The March employment report released last Friday showed a steady pace of job creation but with no great sign of accelerating wage inflation, news that helped calm fears of a sharp economic slowdown and faster Fed interest rate hikes.
See:Why March's CPI report could upset the stock market, seal the deal on the next rate hike
But now attention turns to the U.S. CPI report due Wednesday, which is seen as one of the last key data points before the Federal Reserve's next interest-rate move.

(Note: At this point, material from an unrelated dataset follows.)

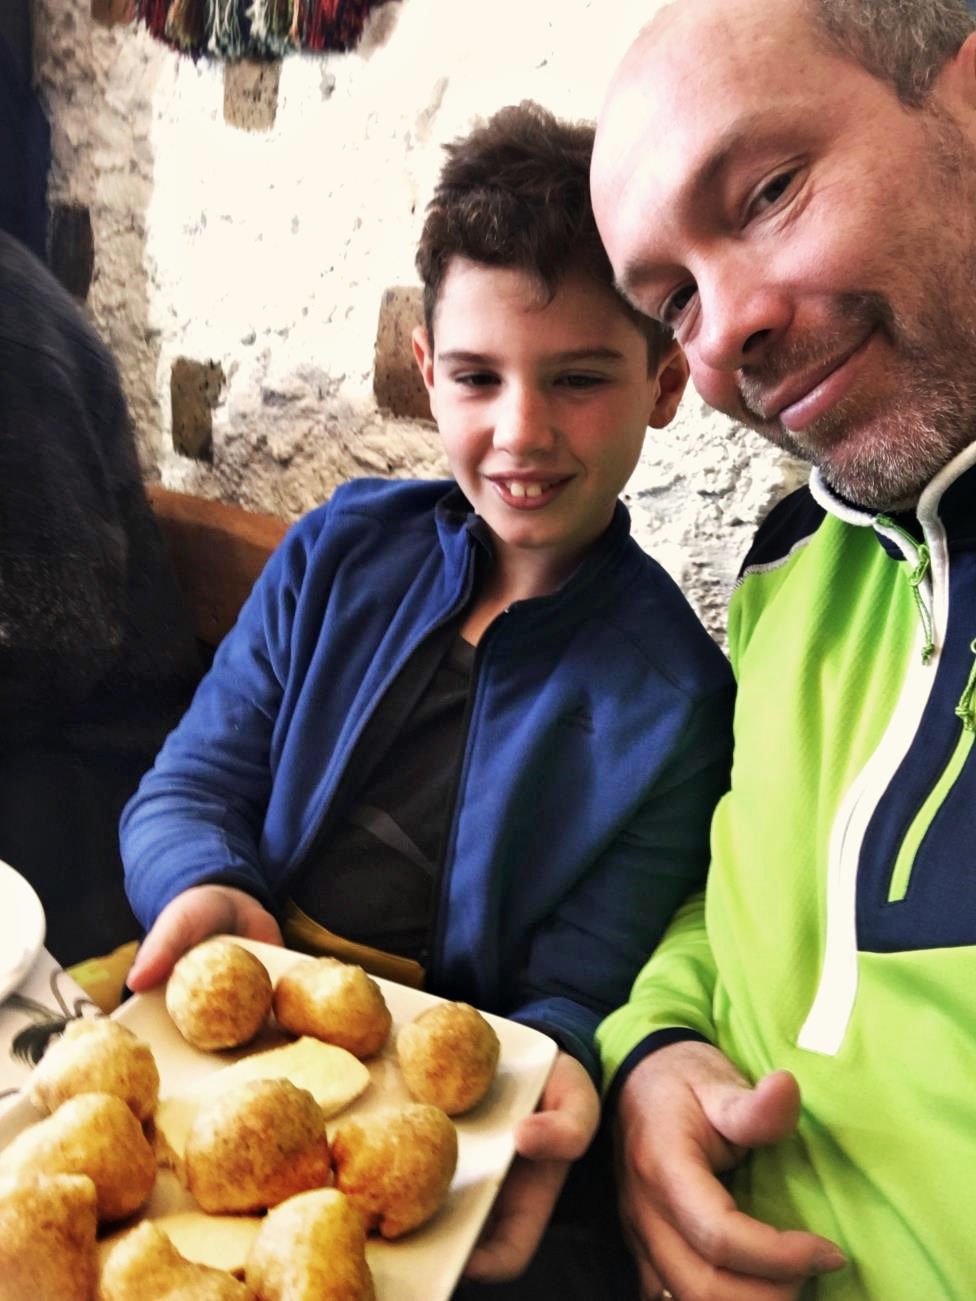 Yummy ustipci pastry with cottage cheese at Rajska Vrata Restaurant Jahorina. My son and I are enjoying
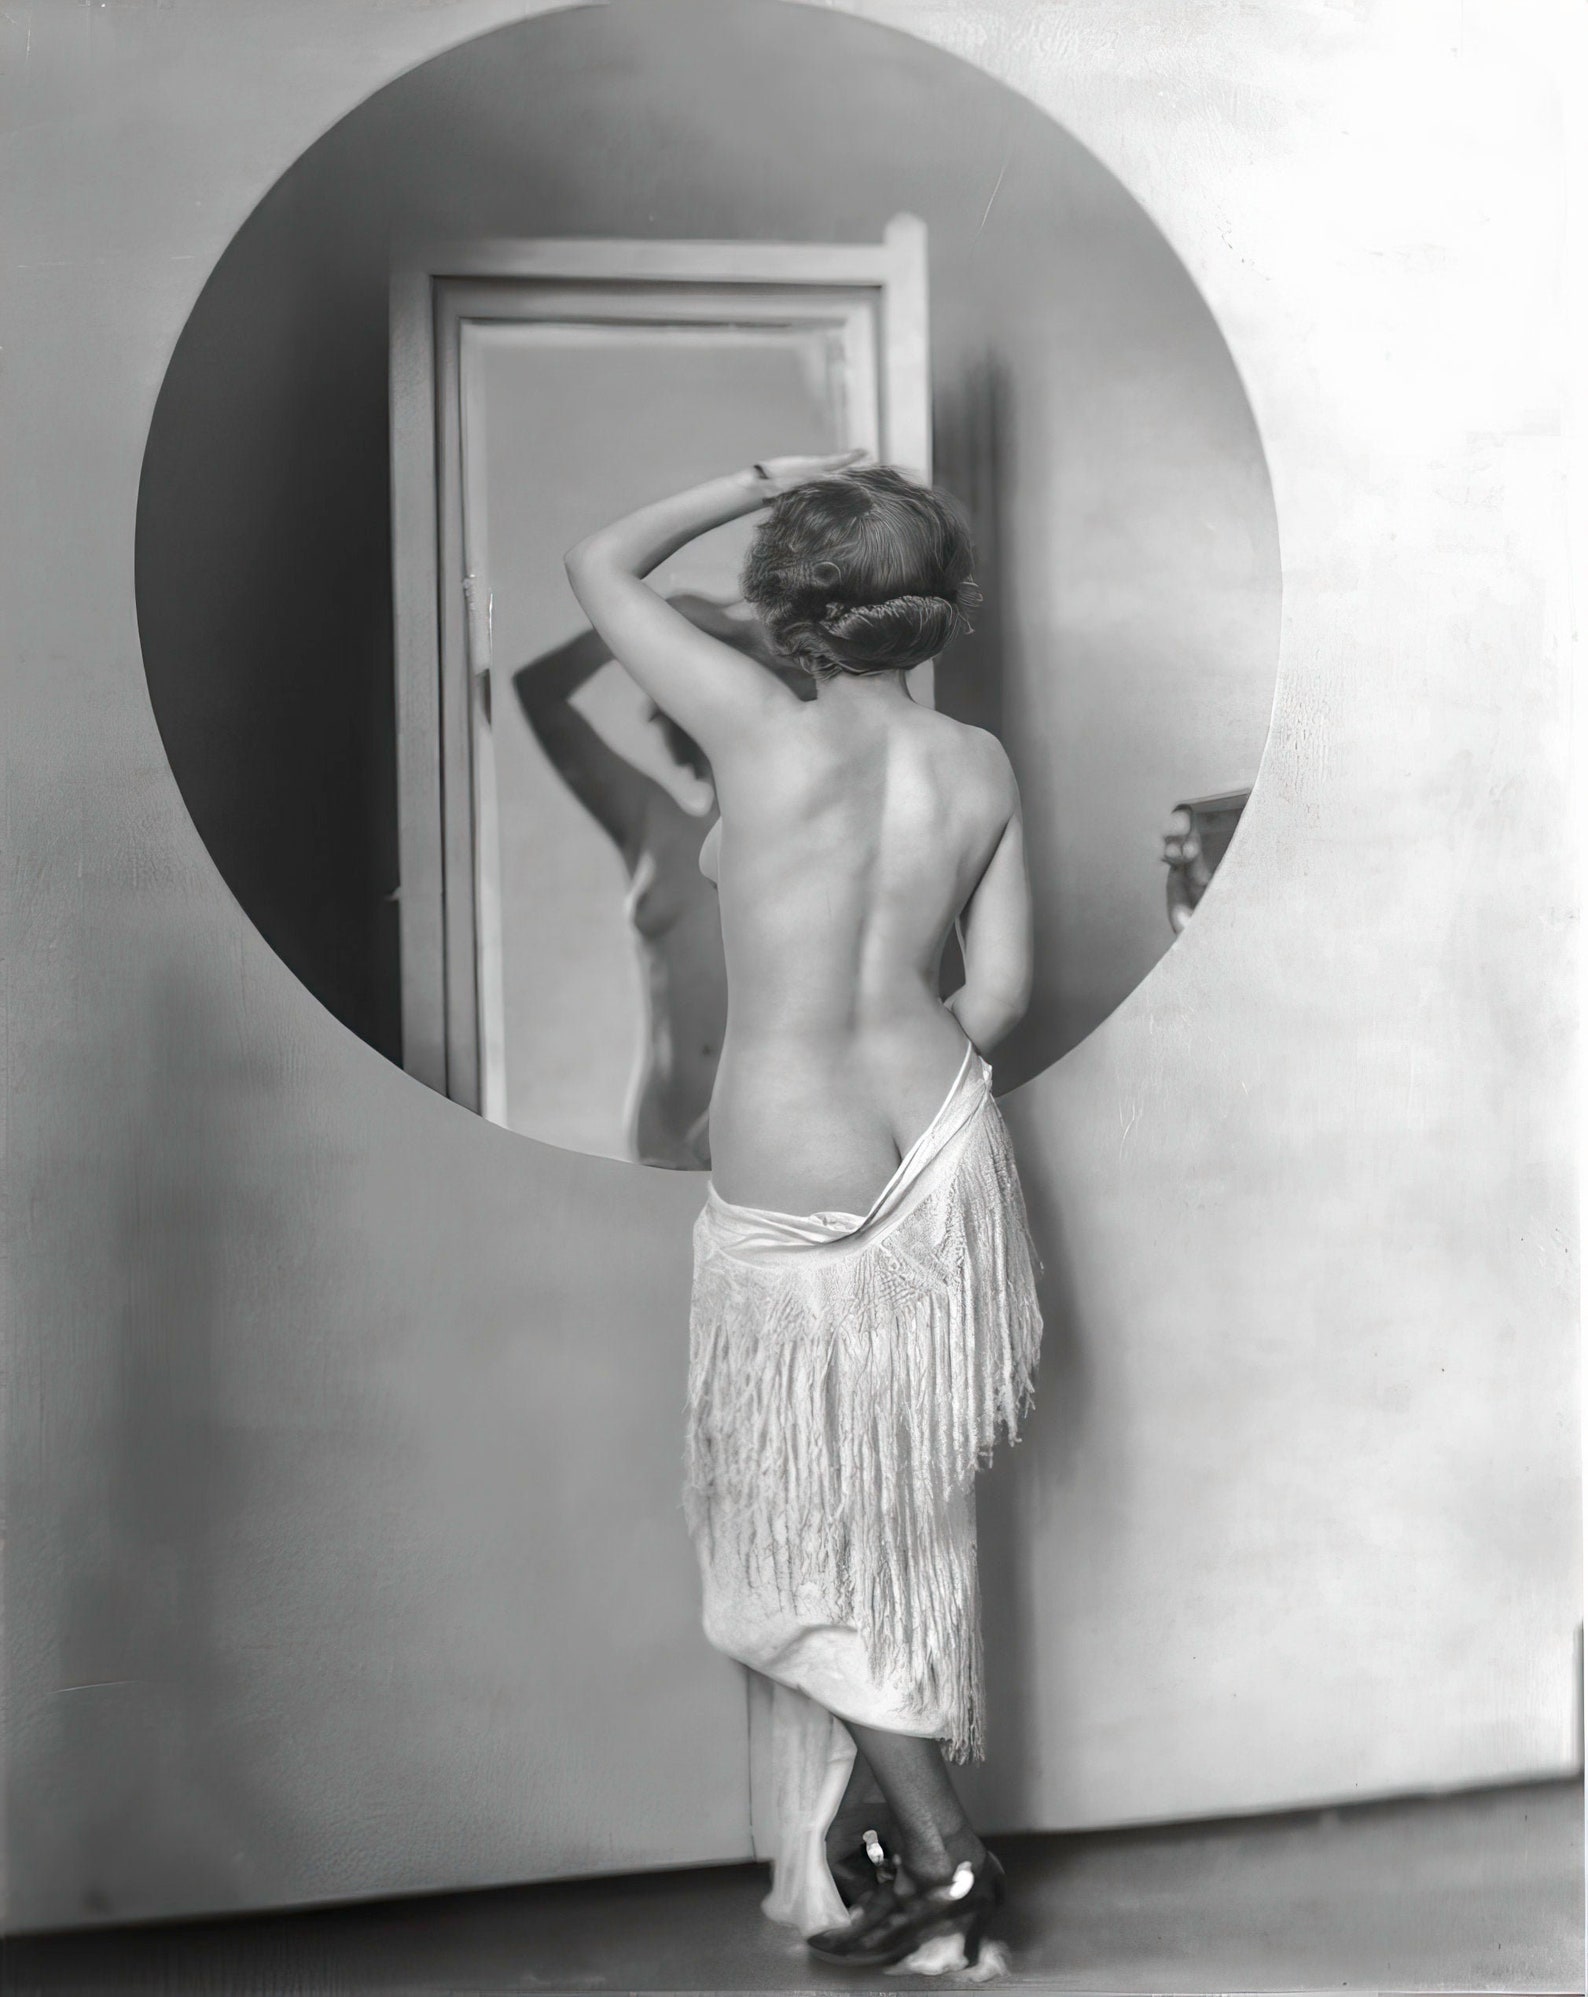 Tallulah Bankhead topless circa 1920's black & white image 1.

The March CPI reading from the Bureau of Labor Statistics, which tracks changes in the prices paid by consumers for goods and services, is expected to show a 5.2% rise from a year earlier, slowing from a 6% year-over-year rise in the previous month, according to a survey of economists by Dow Jones.
Core CPI, which strips out volatile food and fuel costs, is expected to rise 0.4% from a month ago, or 5.6% year over year. The increase in the core rate over the 12-month period dipped to 5.5% in February.
Meanwhile, data from China on Tuesday showing consumer inflation dipped to its lowest level in more than a year in March, is also helping ease fears about global price pressures.
Seema Shah, chief global strategist at Principal Asset Management, expects the decline in inflation in 2023 will likely be "incomplete with inflation remaining above central bank targets," complicating its policy decisions.
"Global inflation is moderating, but so far this deceleration has been largely driven by last year's energy price spike unwind. Core inflation remains uncomfortably high and, in some economies, continues to rise," Shah said in emailed comments on Tuesday.
"Central banks have made less progress towards disinflation than they had hoped. Inflation is likely to remain sticky and will still sit above central bank targets at year-end."
See:High inflation and interest rates to hobble U.S. and global economies for several years, IMF says
The U.S. and global economies are likely to struggle to grow over the next few years as countries fight to reduce high inflation and cope with rising interest rates, the International Monetary Fund said Tuesday.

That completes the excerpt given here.